Required action:
Would you output the entries below only from the line containing "A collection of" through the line containing "January 2020 - Malye", exactly as they stand and with both ends included?

Provided entries:
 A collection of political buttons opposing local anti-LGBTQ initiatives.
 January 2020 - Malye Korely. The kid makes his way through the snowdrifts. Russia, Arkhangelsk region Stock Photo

* * *

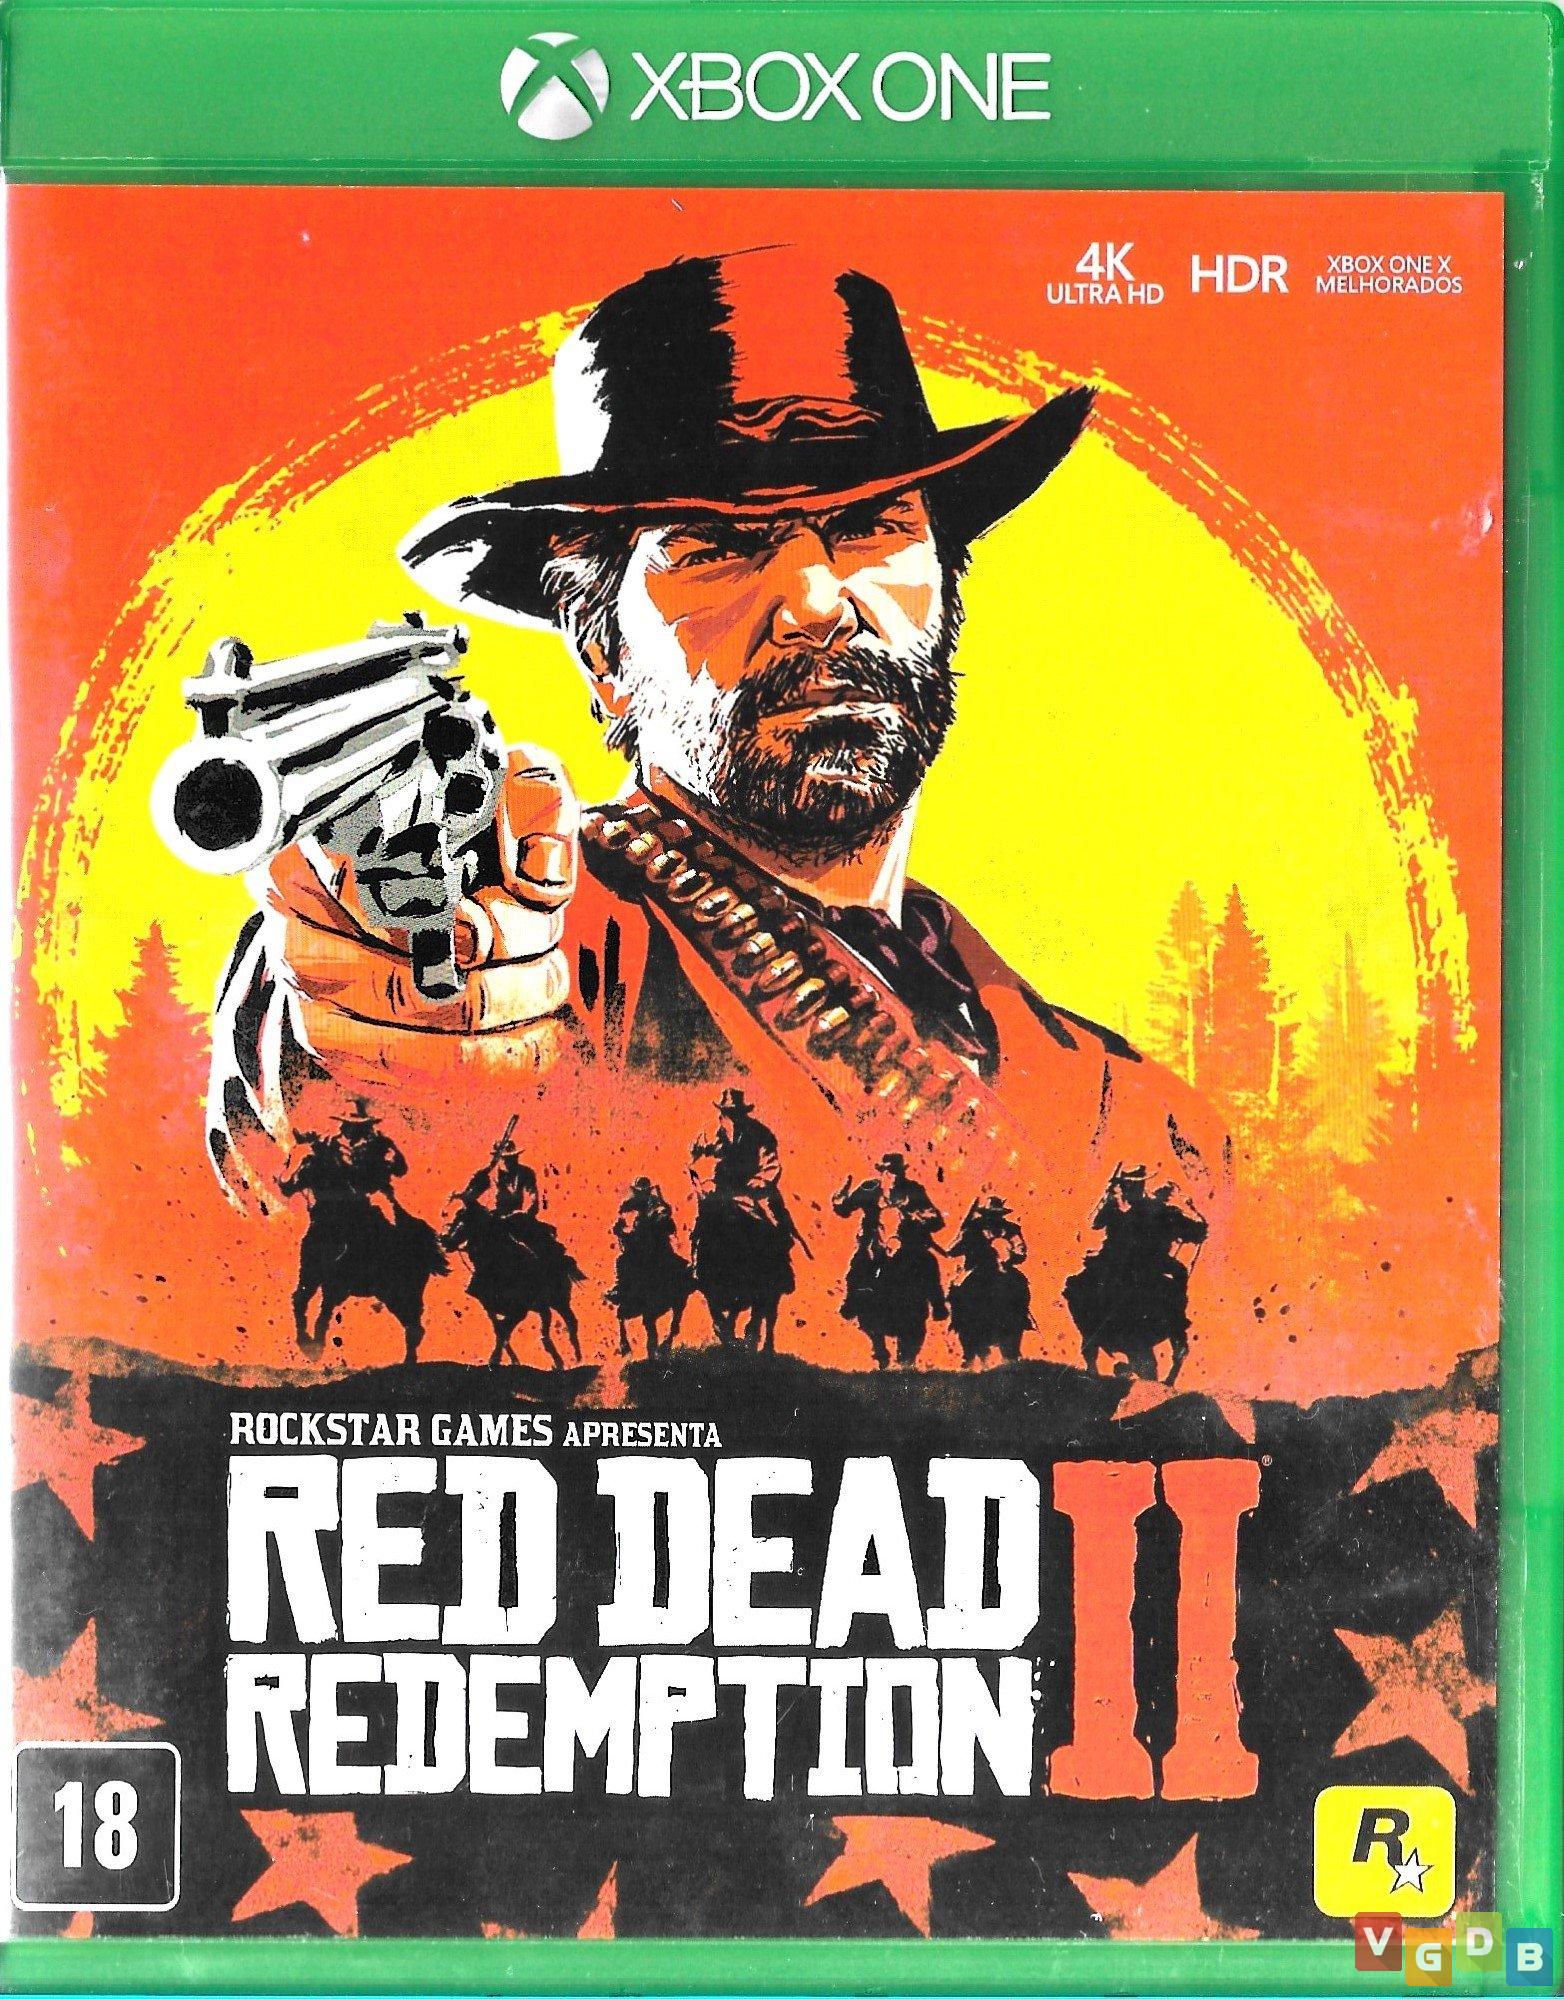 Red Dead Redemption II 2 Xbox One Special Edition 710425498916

Written answer:
 A collection of political buttons opposing local anti-LGBTQ initiatives.
 January 2020 - Malye Korely. The kid makes his way through the snowdrifts. Russia, Arkhangelsk region Stock Photo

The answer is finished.